Is Thompson Sampling Susceptible to Algorithmic Collusion?
This addresses the problem of unintended collusion in multi-agent systems for researchers and practitioners in game theory and AI, showing it is incremental by analyzing a specific algorithm under certain conditions.
The paper investigates whether Thompson Sampling leads to algorithmic collusion in repeated games with unknown payoffs, finding that under a mild assumption on payoff matrices, it converges to Nash equilibrium, preventing collusion, but collusion can occur when this assumption is not met.

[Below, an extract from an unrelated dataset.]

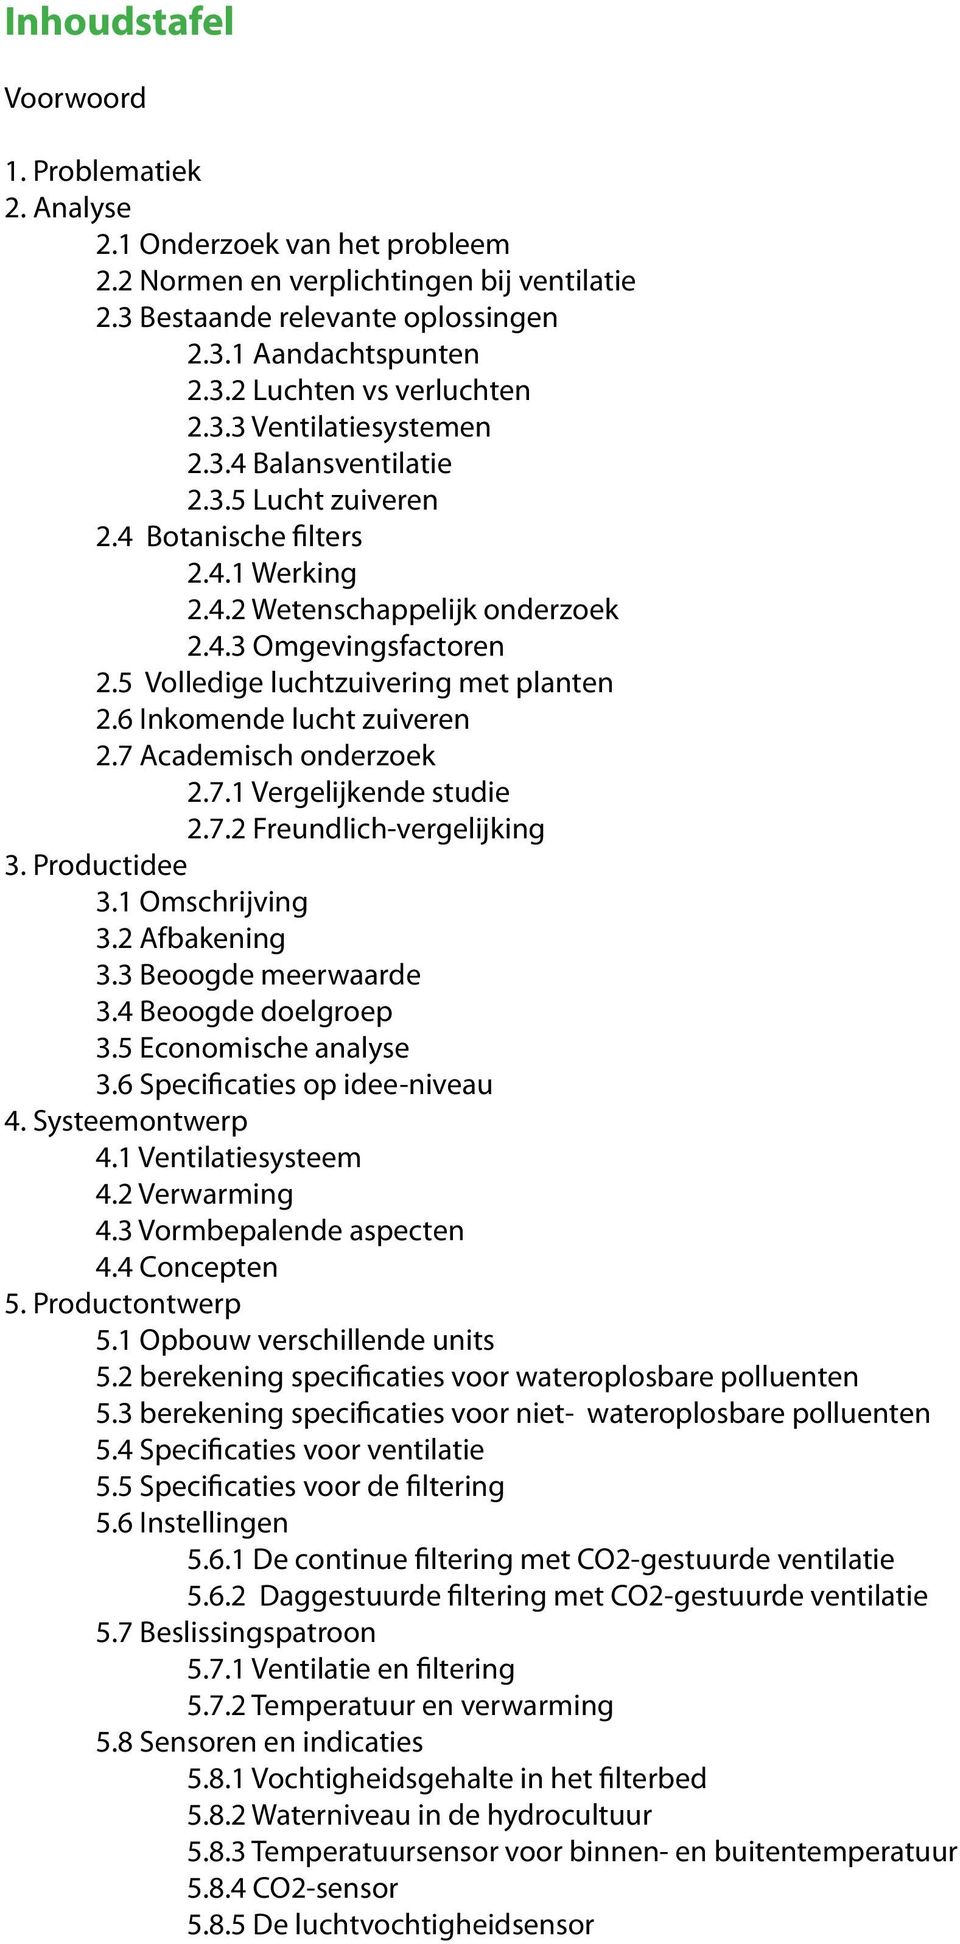 5 Volledige luchtzuivering met planten 2.6 Inkomende lucht zuiveren 2.7 Academisch onderzoek 2.7.1 Vergelijkende studie 2.7.2 Freundlich-vergelijking 3. Productidee 3.1 Omschrijving 3.2 Afbakening 3.

When two players are engaged in a repeated game with unknown payoff matrices, they may use single-agent multi-armed bandit algorithms to choose the actions independent of each other. We show that when the players use Thompson sampling, the game dynamics converges to the Nash equilibrium under a mild assumption on the payoff matrices. Therefore, algorithmic collusion doesn't arise in this case despite the fact that the players do not intentionally deploy competitive strategies. To prove the convergence result, we find that the framework developed in stochastic approximation doesn't apply, because of the sporadic and infrequent updates of the inferior actions and the lack of Lipschitz continuity. We develop a novel sample-path-wise approach to show the convergence. However, when the payoff matrices do not satisfy the assumption, the game may converge to collusive outcomes.